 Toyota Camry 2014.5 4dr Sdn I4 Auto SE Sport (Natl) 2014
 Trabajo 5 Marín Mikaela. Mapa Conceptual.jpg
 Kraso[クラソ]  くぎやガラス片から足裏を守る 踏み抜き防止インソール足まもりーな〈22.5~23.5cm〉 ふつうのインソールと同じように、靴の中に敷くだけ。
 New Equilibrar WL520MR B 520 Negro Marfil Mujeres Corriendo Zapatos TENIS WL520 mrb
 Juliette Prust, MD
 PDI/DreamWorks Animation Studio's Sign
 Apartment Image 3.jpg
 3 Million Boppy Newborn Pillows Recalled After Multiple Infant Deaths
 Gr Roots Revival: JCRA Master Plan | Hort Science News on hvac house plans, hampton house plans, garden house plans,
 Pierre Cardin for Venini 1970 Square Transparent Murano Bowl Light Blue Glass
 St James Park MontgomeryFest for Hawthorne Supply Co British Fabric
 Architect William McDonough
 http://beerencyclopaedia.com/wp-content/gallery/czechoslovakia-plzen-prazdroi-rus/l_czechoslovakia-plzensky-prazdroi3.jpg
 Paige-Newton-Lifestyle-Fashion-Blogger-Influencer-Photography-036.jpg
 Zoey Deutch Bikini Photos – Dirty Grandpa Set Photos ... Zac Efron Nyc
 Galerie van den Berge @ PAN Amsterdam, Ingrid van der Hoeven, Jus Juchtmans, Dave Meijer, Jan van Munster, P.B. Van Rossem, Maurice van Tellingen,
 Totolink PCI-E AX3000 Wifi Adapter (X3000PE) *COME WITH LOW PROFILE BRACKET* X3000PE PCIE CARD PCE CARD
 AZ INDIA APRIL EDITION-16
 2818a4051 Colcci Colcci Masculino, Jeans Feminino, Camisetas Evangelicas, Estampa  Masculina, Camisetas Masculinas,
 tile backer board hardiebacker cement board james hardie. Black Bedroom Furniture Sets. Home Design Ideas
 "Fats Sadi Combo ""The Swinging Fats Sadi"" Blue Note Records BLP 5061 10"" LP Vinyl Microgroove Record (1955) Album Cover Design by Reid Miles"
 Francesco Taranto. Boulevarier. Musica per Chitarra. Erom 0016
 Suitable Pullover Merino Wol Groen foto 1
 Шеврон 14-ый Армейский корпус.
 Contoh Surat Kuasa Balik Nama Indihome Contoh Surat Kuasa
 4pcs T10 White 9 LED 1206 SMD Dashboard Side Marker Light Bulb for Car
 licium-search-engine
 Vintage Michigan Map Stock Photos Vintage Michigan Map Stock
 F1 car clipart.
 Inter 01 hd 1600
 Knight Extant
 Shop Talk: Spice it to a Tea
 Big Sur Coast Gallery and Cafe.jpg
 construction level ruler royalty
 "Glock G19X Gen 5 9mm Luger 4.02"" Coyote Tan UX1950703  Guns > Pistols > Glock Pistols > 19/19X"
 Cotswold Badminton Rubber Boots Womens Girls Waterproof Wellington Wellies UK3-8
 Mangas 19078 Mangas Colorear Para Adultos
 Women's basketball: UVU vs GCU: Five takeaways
# # #
→ **PROBLEM DETAILS**:
State only how many lines above contain "Photos".

→ **EXPECTED ANSWER**:
2